» Work to complete
A word-for-word copy of the data is what's wanted, with no pictures.

» Data block
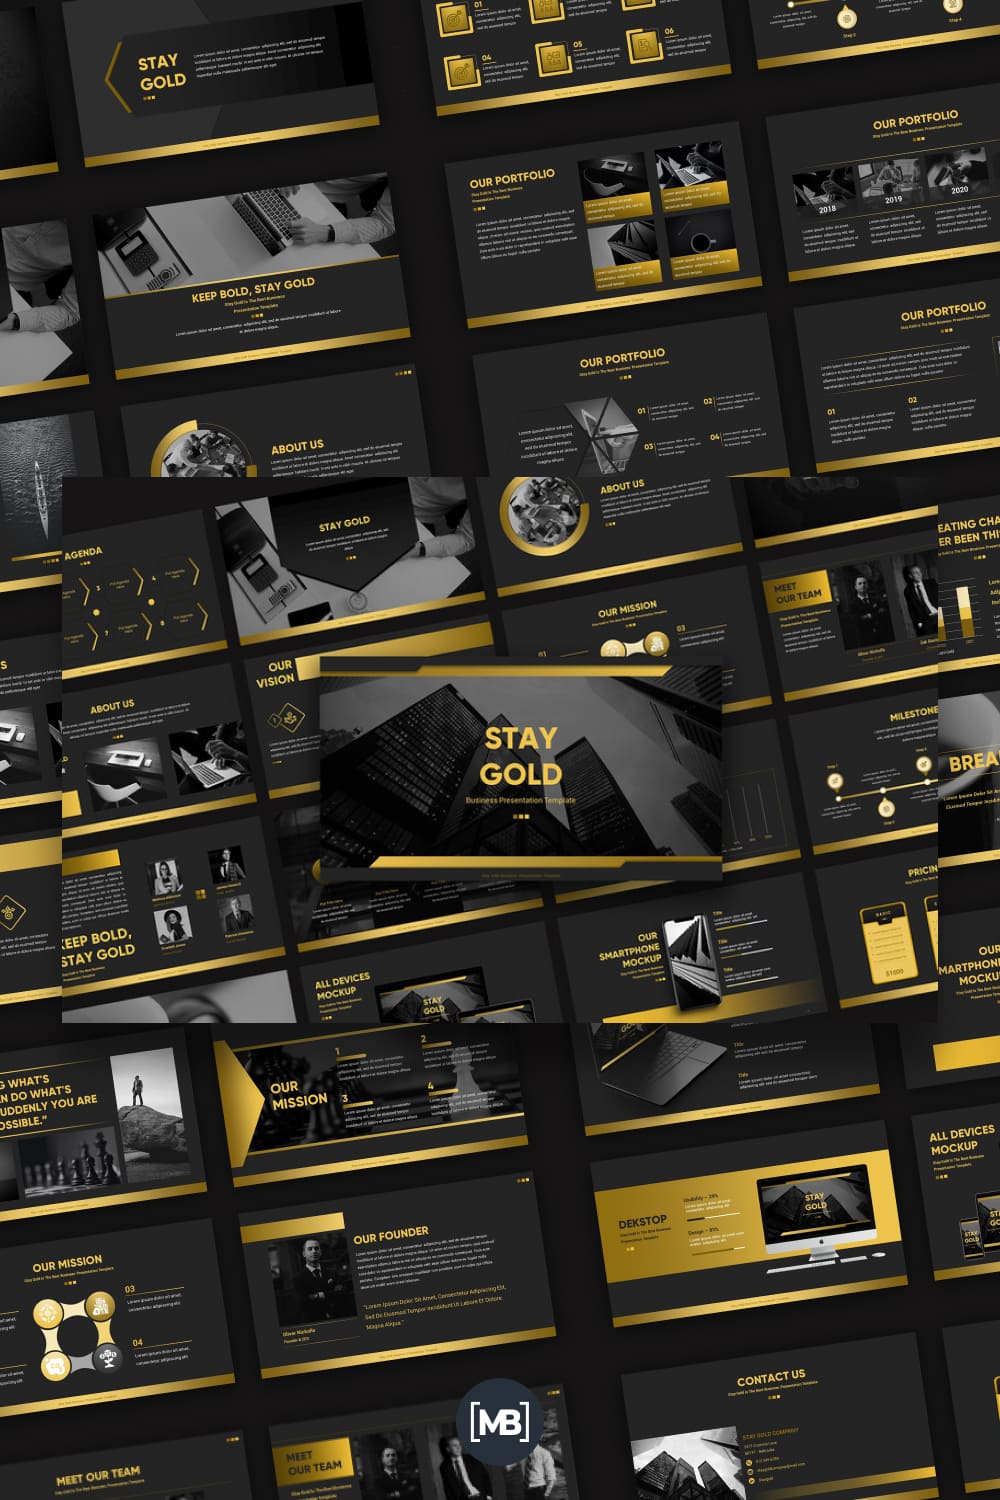 Stay gold business presentation powerpoint template.
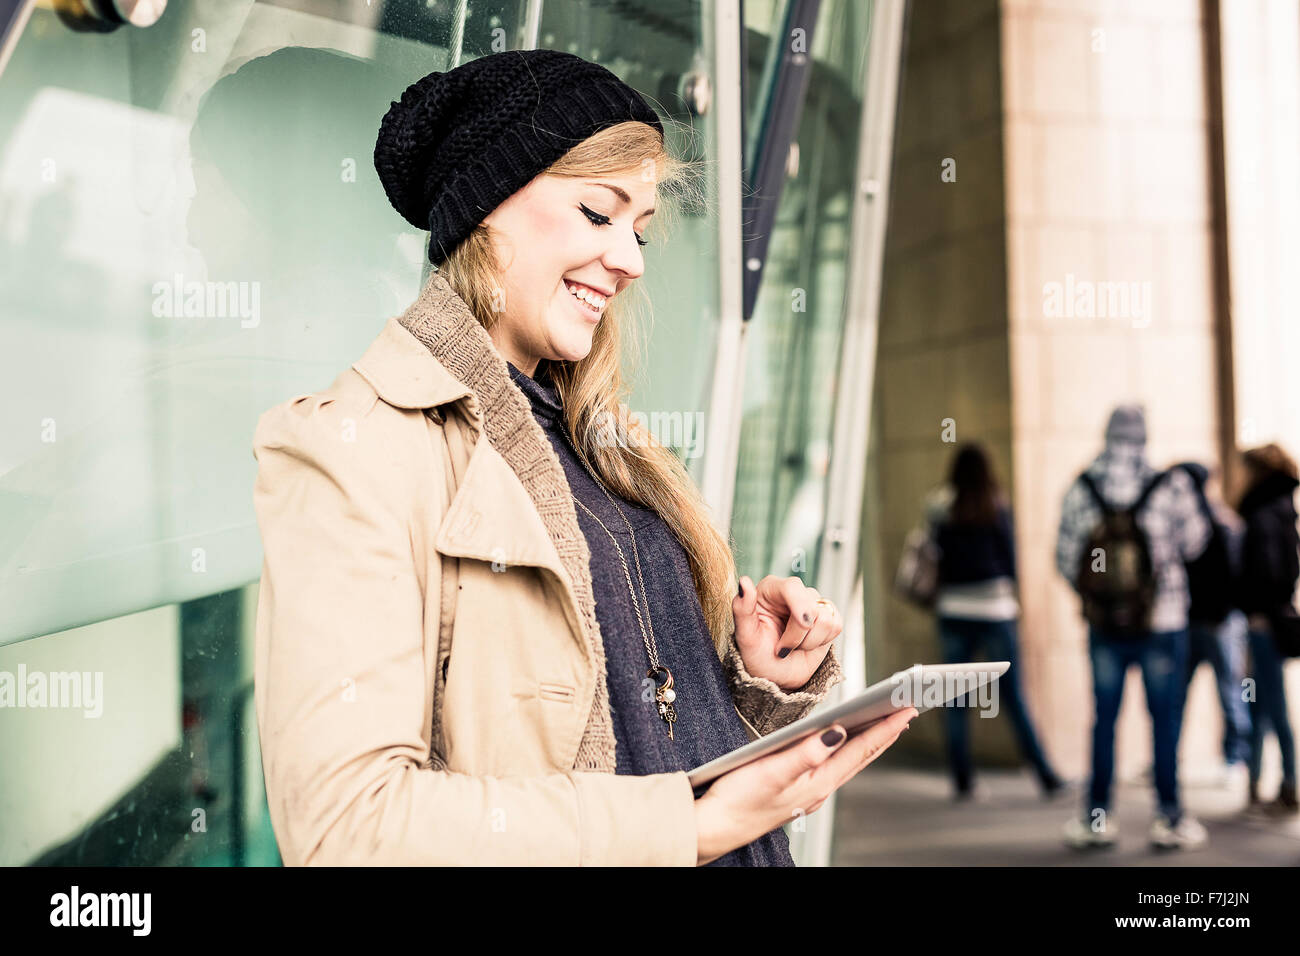 Blonde woman using a digital tablet Stock Photo
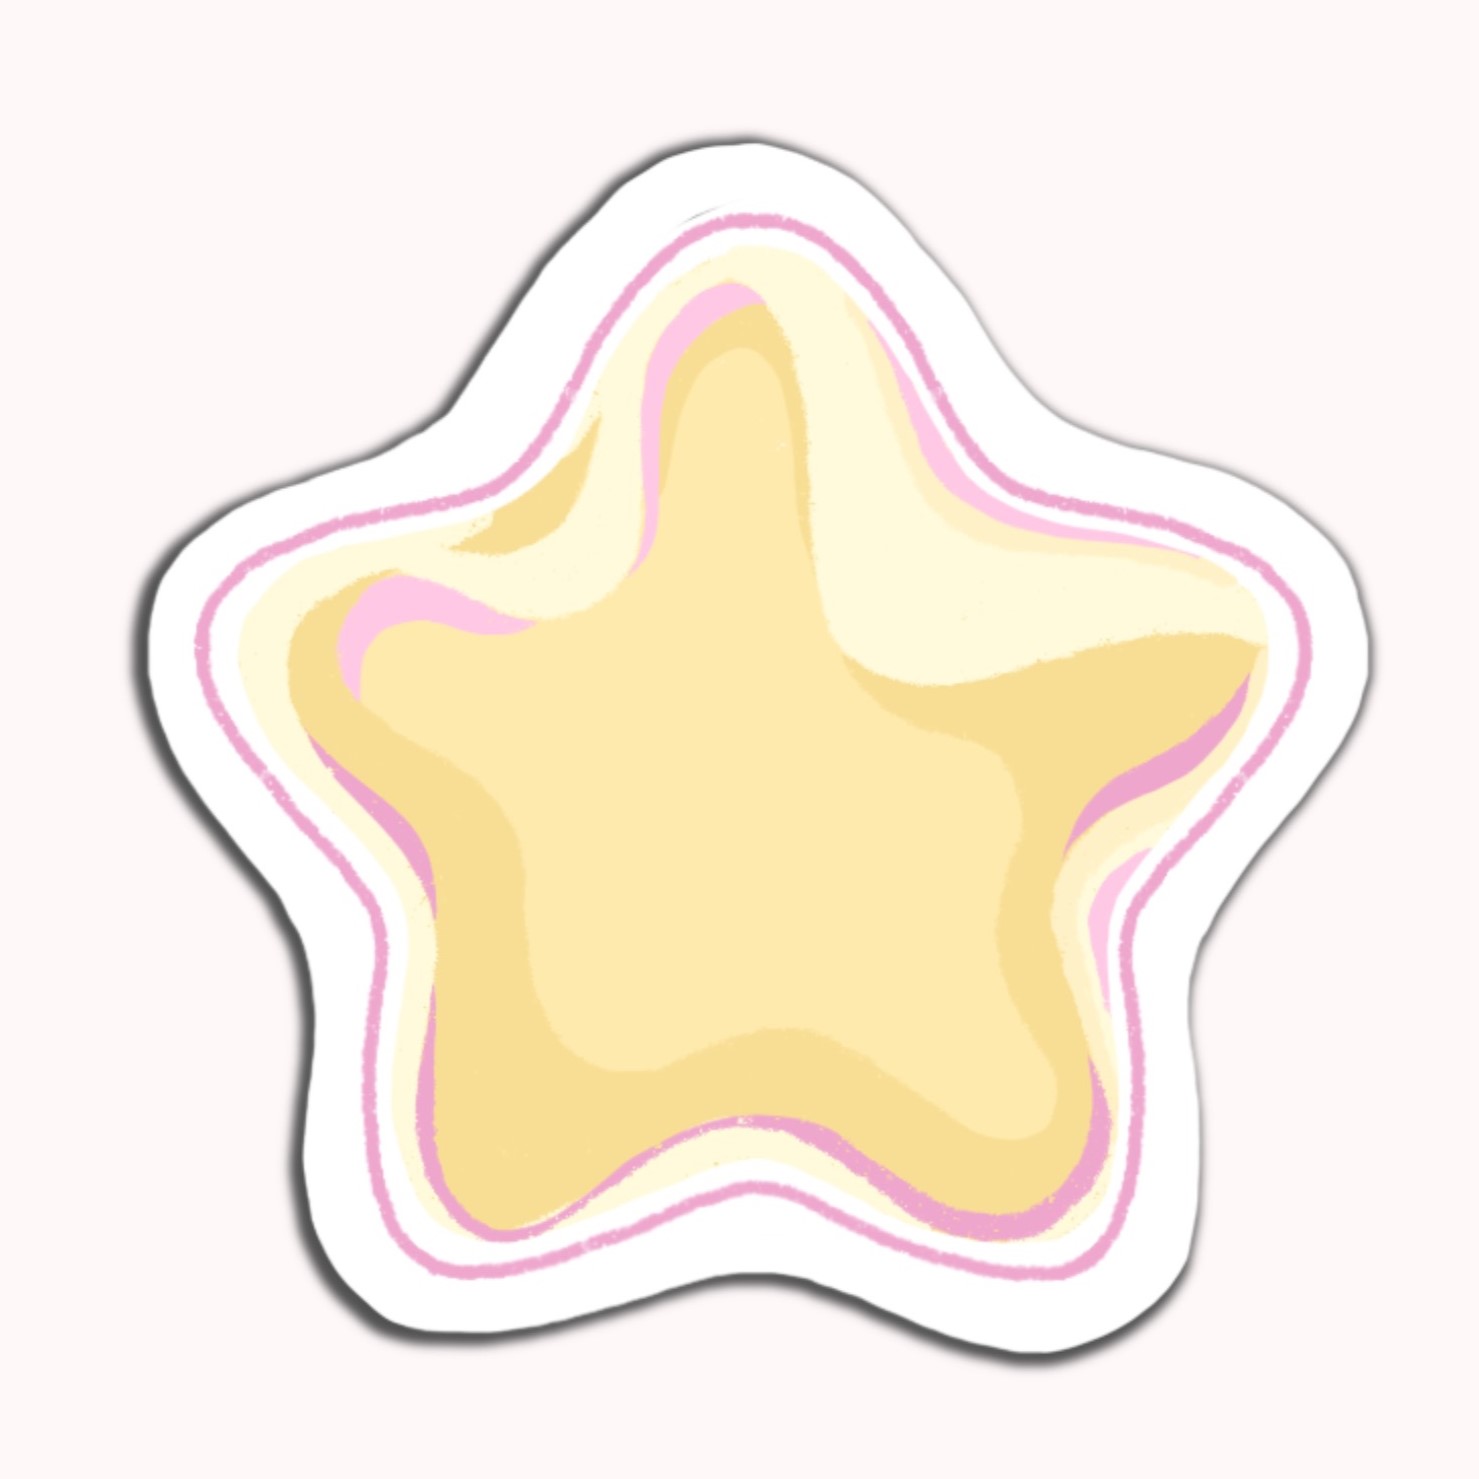 Kirby star sticker design in monochromatic yellow color scheme with a pink outline.
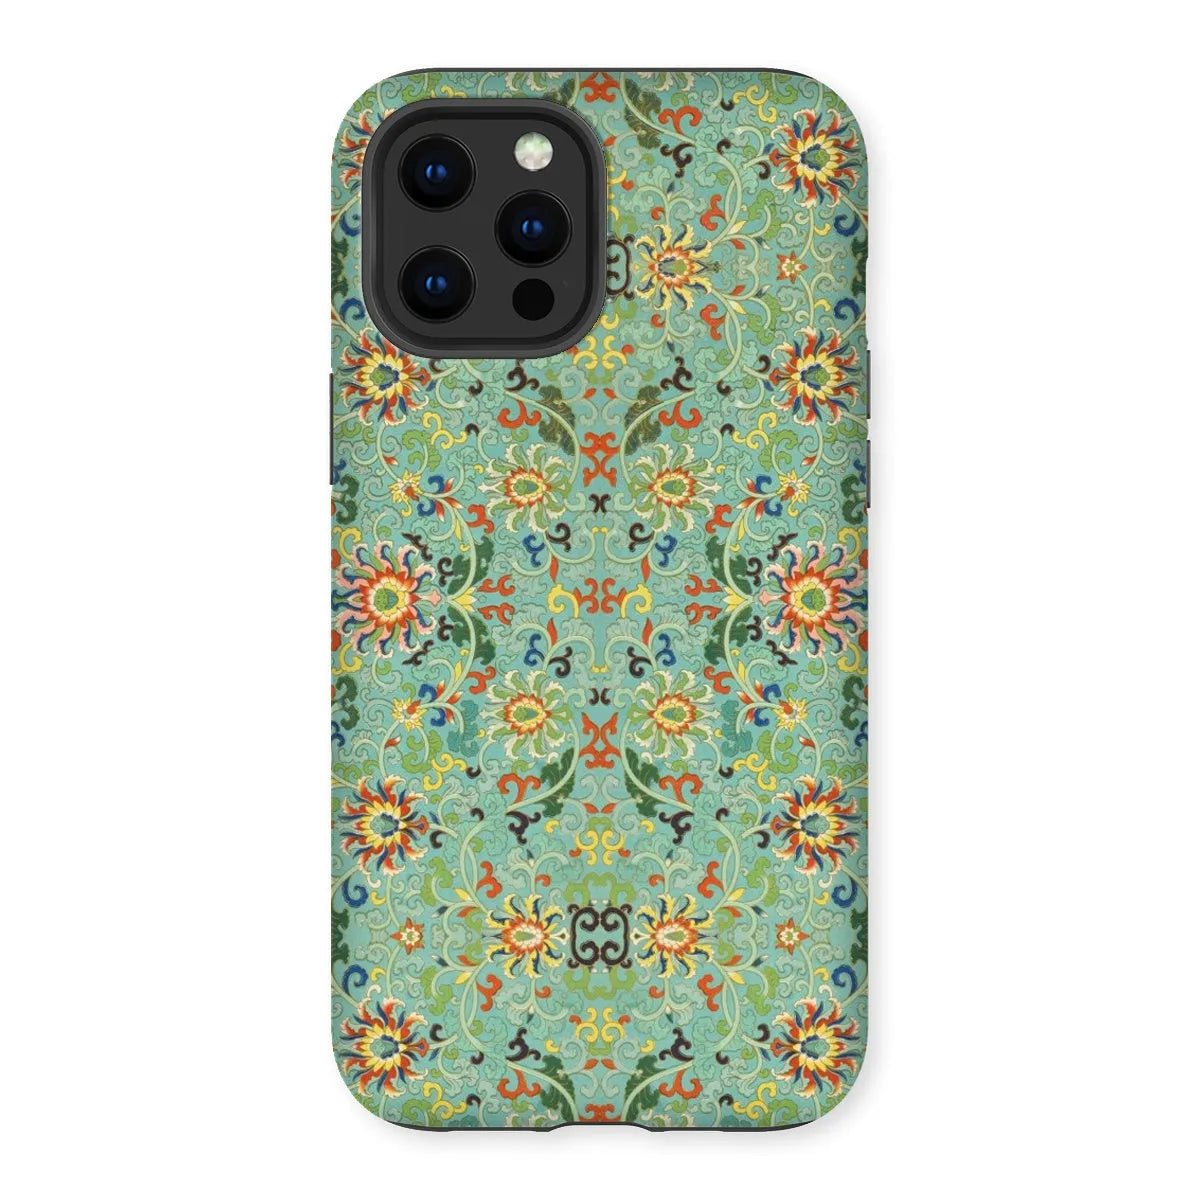 Lotus Candy - Chinese Aesthetic Pattern Art Phone Case - Iphone 12 Pro Max / Matte - Mobile Phone Cases - Aesthetic Art

» Solution to this task
 Stay gold business presentation powerpoint template.
 Blonde woman using a digital tablet Stock Photo
 Kirby star sticker design in monochromatic yellow color scheme with a pink outline.
 Lotus Candy - Chinese Aesthetic Pattern Art Phone Case - Iphone 12 Pro Max / Matte - Mobile Phone Cases - Aesthetic Art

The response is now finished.